È partito così il countdown per il modulo di discesa Schiaparelli della missione ExoMars, sviluppata dall’Agenzia spaziale europea (Esa) in collaborazione con Roscosmos. Il lander, che tre giorni fa si è separato dalla sonda Trace gas orbiter (Tgo) destinata a restare nell’orbita di Marte, raggiungerà la superficie alle 16:48, ora italiana. Il segnale del sistema Uhf (ultra-high frequency) dovrebbe giungere con una decina di minuti di ritardo, sperando che il Gmrt di Pune riesca a catturare il debole segnale che arriverà dal modulo di discesa a guida italiana Schiaparelli. Qualora l’imponente array di radiotelescopi indiano non riuscisse a recepire il segnale proveniente da Marte, sono pronte altre orecchie. Il dispositivo Melacom della sonda Mars Express, missione europea partita nel 2003, è abituato a comunicare con un intera gamma di lander marziani: Spirit, Opportunity, Phoenix e Curiosity. La sua esperienza potrebbe servire qualora il Gmrt non riuscisse a recuperare il segnale. In questo caso, però, il segnale potrebbe arrivare un’ora e mezza circa dall’atterraggio di Schiaparelli. La terza opzione è rappresentata invece dalla sonda Nasa Mars Reconnaissance Orbiter, a cui però servirebbero almeno un paio d’ore. L’ultima spiaggia, come spiega la stessa Esa, è il ricorso proprio alla sonda Tgo. La ricezione dal Gmrt di Pune è difatti un esperimento, possibile grazie alla collaborazione tra l’Esa e il Jet propulsion laboratory (Jpl) della Nasa che ha modificato con equipaggiamenti aggiuntivi le 28 antenne, con un diametro di 45 metri l’una, dell’array indiano. Fa ben sperare circa la possibilità di seguire la discesa di Schiaparelli con un ritardo di “appena” dieci minuti, il fatto che il segnale della separazione tra Tgo e Schiaparelli sia stato catturato proprio dalle enormi antenne del Gmrt di Pune. Certo, il segnale dell’avvenuto atterraggio sarà inviato in condizioni molto differenti, tali da poter rendere più difficile la ricezione diretta sulla Terra.

Le difficoltà, come ha spiegato Thomas Ormston, ingegnere al lavoro presso il centro controllo missione (Esoc) di Darmstadt in Germania, sono legate al fatto che Schiaparelli non è studiato per una comunicazione continua. Dopo l’atterraggio, una volta inviato il segnale, tornerà in modalità sleep per conservare la batteria e risvegliarsi ai passaggi programmati delle varie sonde che riceveranno e invieranno a Terra i segnali di Schiaparelli.

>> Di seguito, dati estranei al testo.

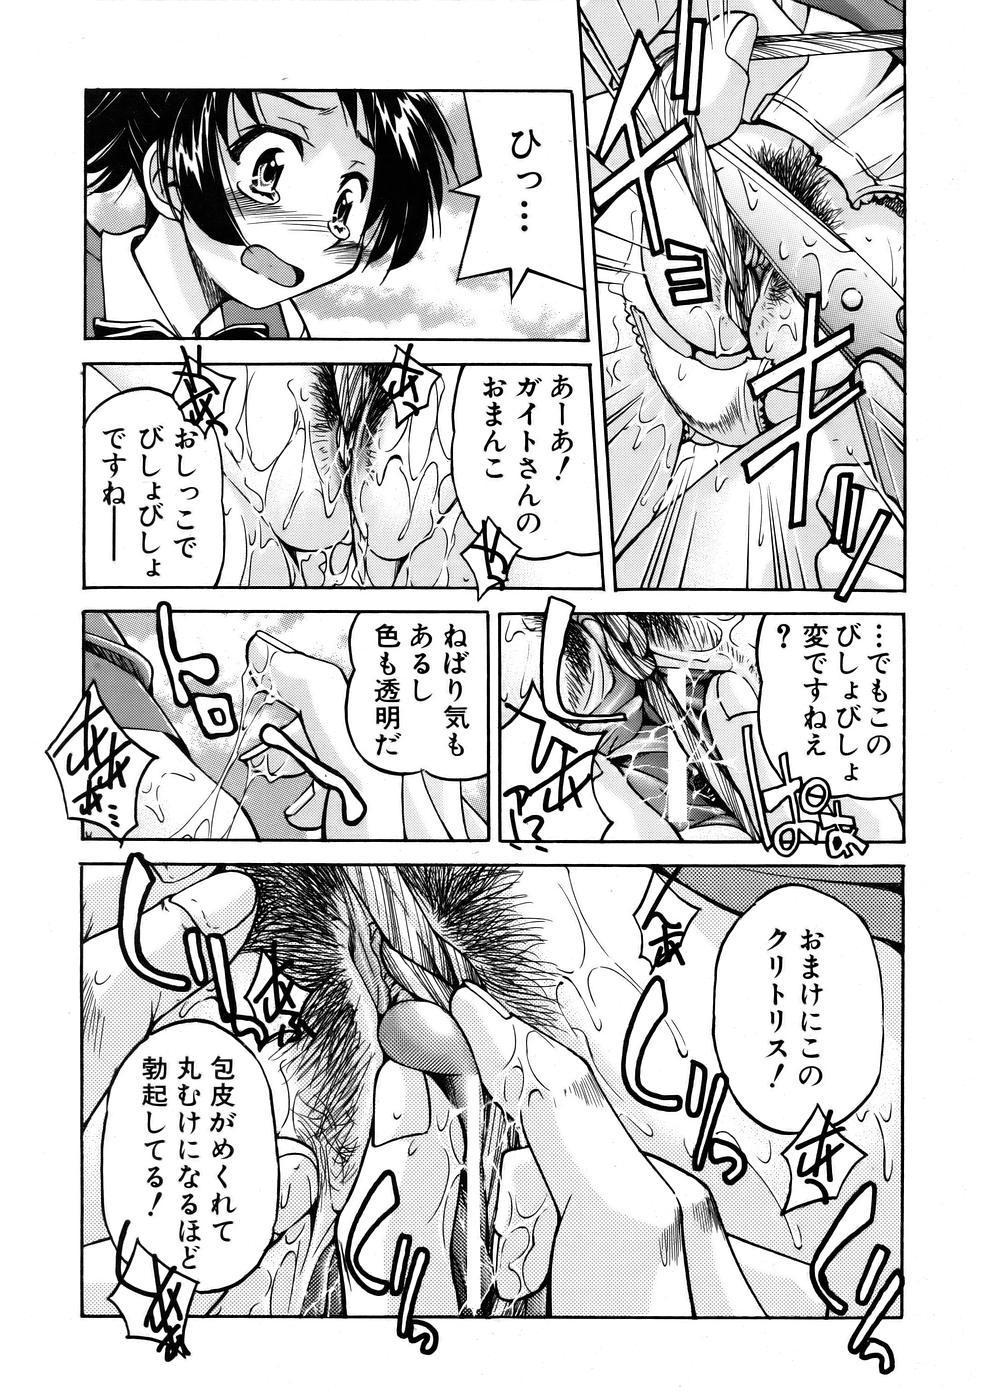 COMIC AUN 2005-10 Vol. 113 219
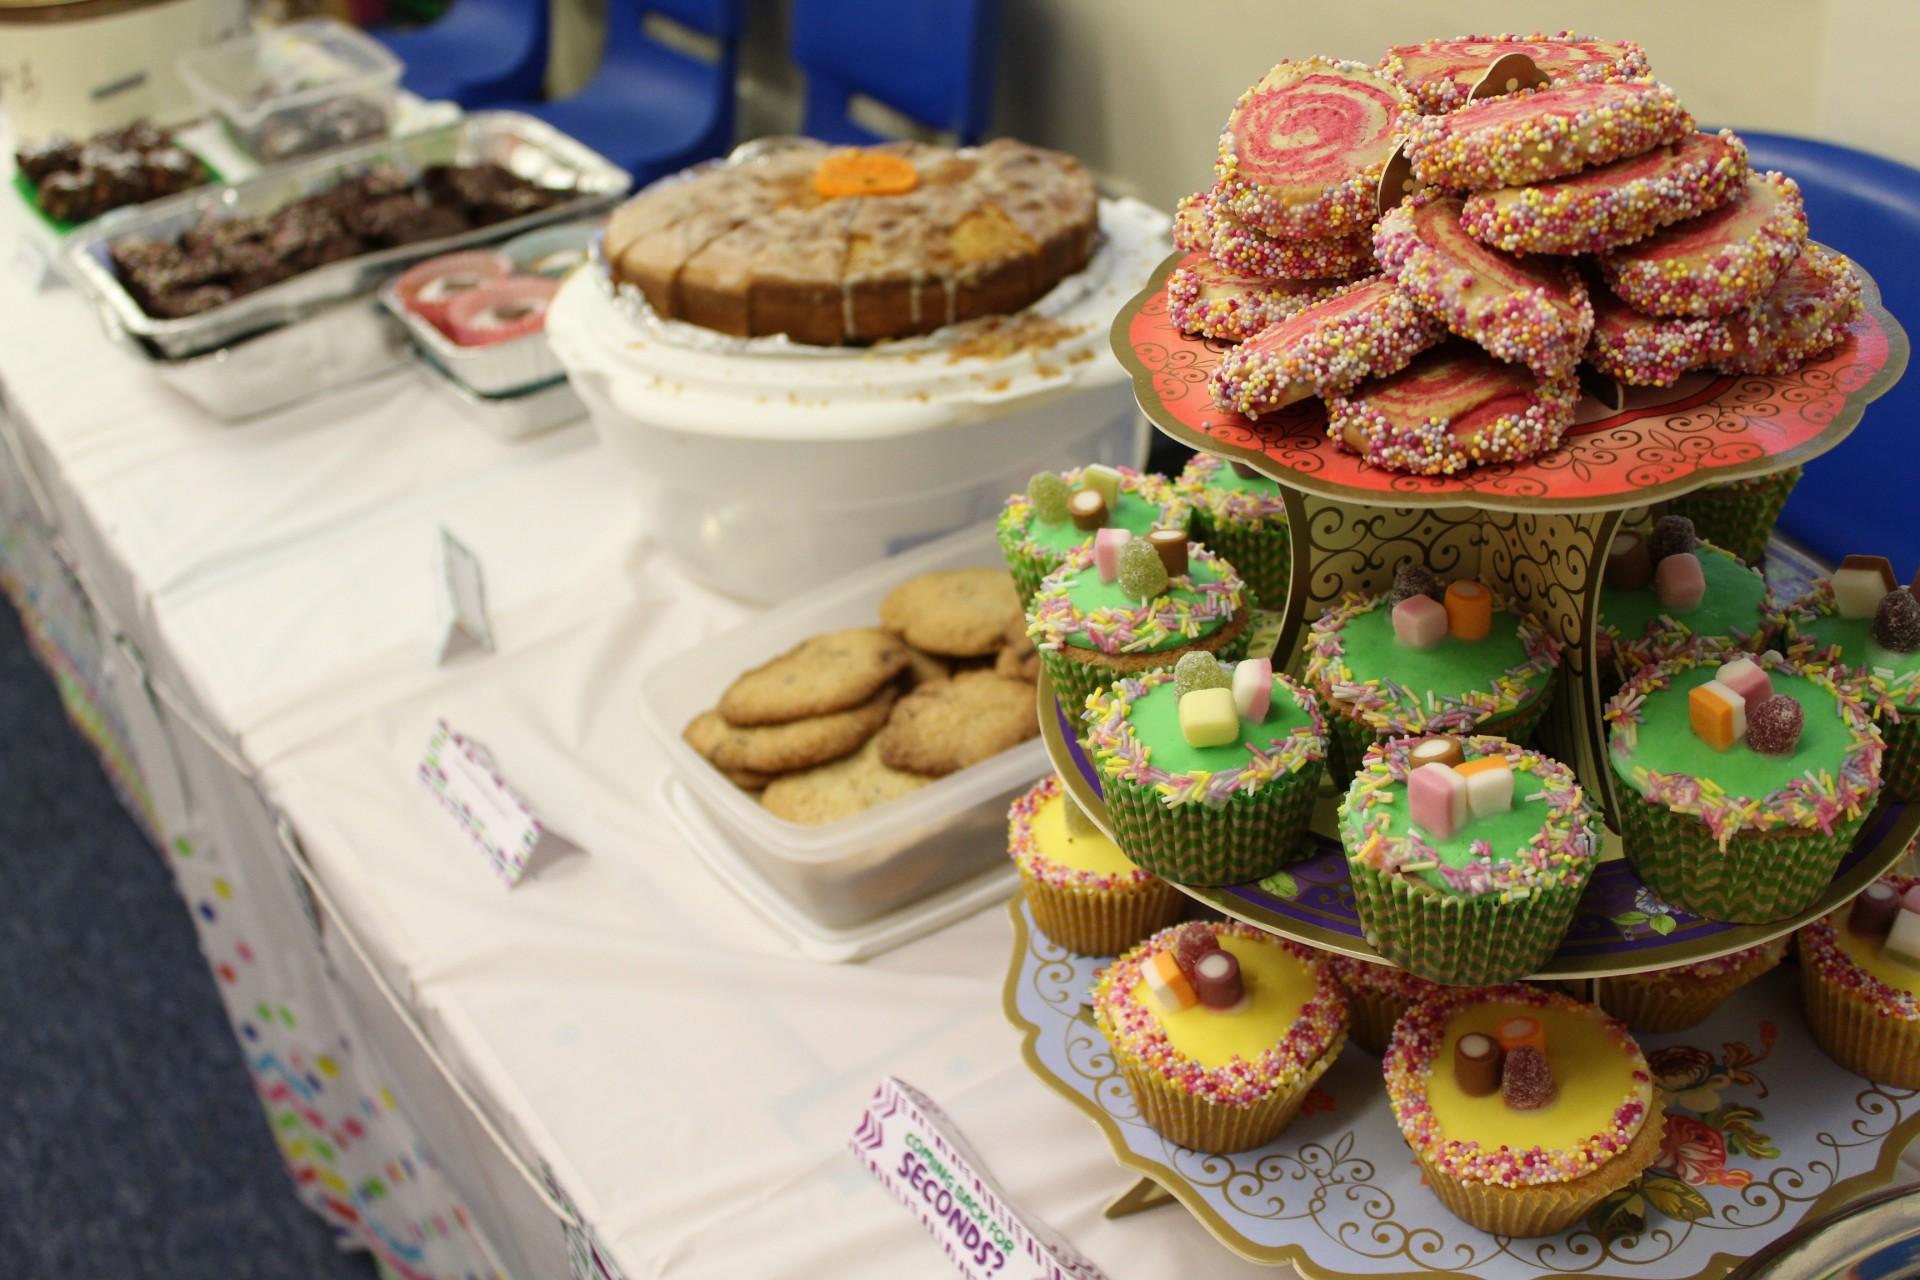 Form 6 host a Macmillan Bake Sale.

Anche le orecchie italiane saranno protese verso il Pianeta rosso. Con Schiaparelli, infatti, arriverà su Marte un bel pezzo di eccellenza italiana. Il contributo del nostro Paese alle due missioni ExoMars (2016 e 2020) è notevole, pari a circa il 32%. Il consorzio industriale europeo è guidato da Thales Alenia Space Italia (joint venture tra Thales 67% e Leonardo-Finmeccanica 33%), prime contractor di entrambe le missioni. C’è anche Telespazio (joint venture al contrario tra Leonardo 67% e Thales 33%), responsabile dello sviluppo del segmento di Terra. C’è poi Altec, responsabile di progettazione, realizzazione e operazione del centro di controllo del rover di ExoMars 2020 che sarà localizzato proprio a Torino. Italiana è la responsabilità complessiva di sistema di tutti gli elementi della missione esplorativa, così come la responsabilità dello sviluppo del modulo Schiaparelli per la discesa su Marte e del drill destinato alla perforazione della superficie e al prelievo di campioni in ExoMars 2020.